Assim, se a crítica à ditadura é mais obliqua, presente mais nas mazelas da violência e opressão da civilização, o romance ganha força e relevância com o protagonismo feminino. Pois o patriarcado teria sido responsável pelo fracasso da civilização humana, e uma outra voltada mais à sensibilidade, à beleza e um sentido social mais coletivo, teria mais a ver com a condição da própria mulher. Aqui no caso, extremamente empoderada.

Mas ao ler a obra, não me parece que o comportamento do matriarcado lunar seja tão mais elevado, pois a solução que deram à ameaça nuclear que sofreram, não é muito diferente do que os homens tem feito ao longo de nossa História. Resolver conflitos e ameaças por meio da força e da guerra.
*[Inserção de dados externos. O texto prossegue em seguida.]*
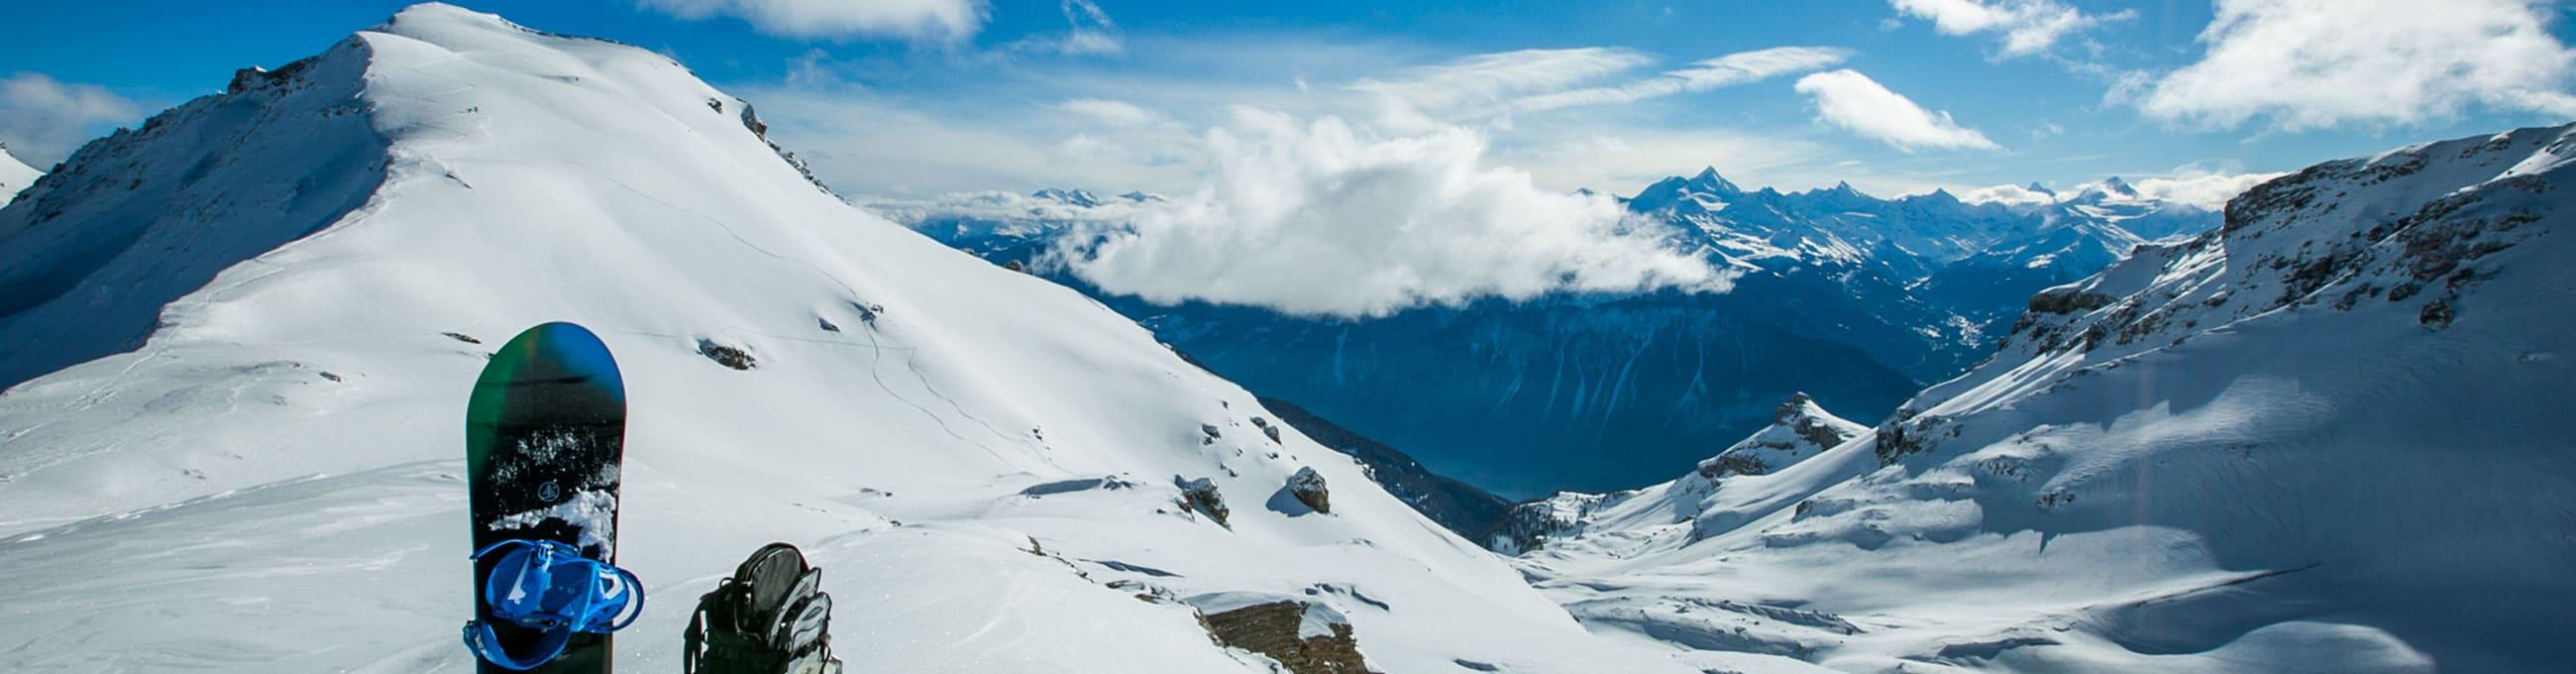 swisskisafari-snowboarding-safari
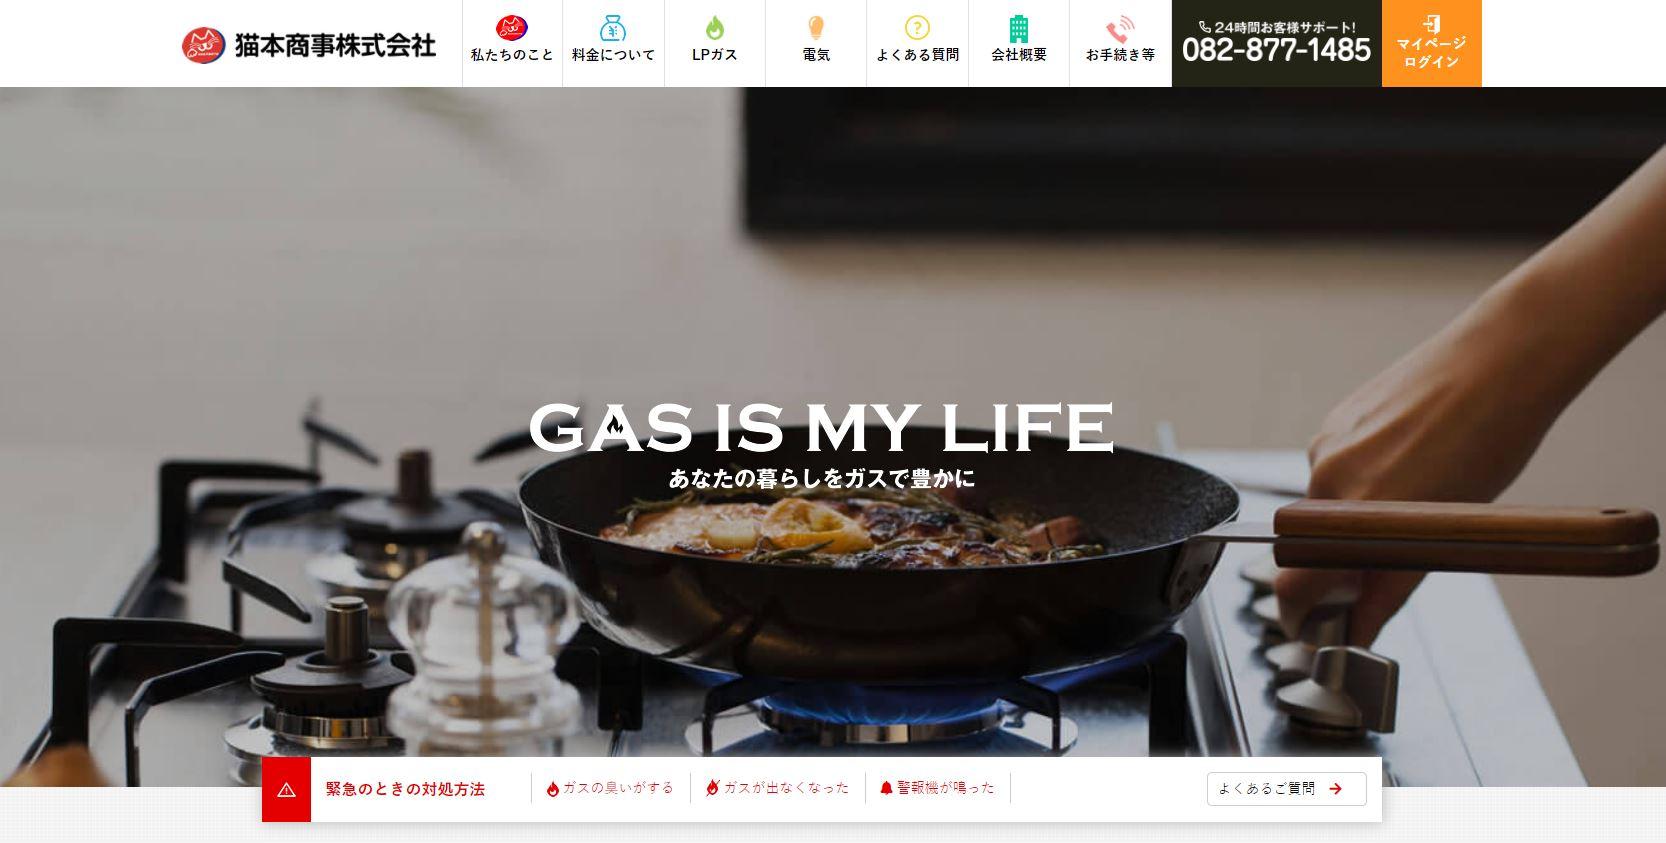 【WEB】お客様と一緒に作り続けるホームページ

Sempre soube que Cassandra Rios era a “autora maldita” do Brasil. A mais perseguida e censurada da ditadura militar. E não porque se opunha politicamente ao regime de forma mais direta, mas por expor cruamente o falso moralismo da sociedade e os tabus da sexualidade. Mesmo assim, publicou 68 livros, quase todos de ficção erótica, entre 1948 e 2000, sendo uma das que mais venderam no país. Mas não deixou de ser surpreendente que ela tenha publicado um romance de FC, que tem o que dizer e, principalmente, é divertido e inteligente. Uma editora mais progressista poderia arriscar uma nova edição desta pérola quase anônima da nossa FC.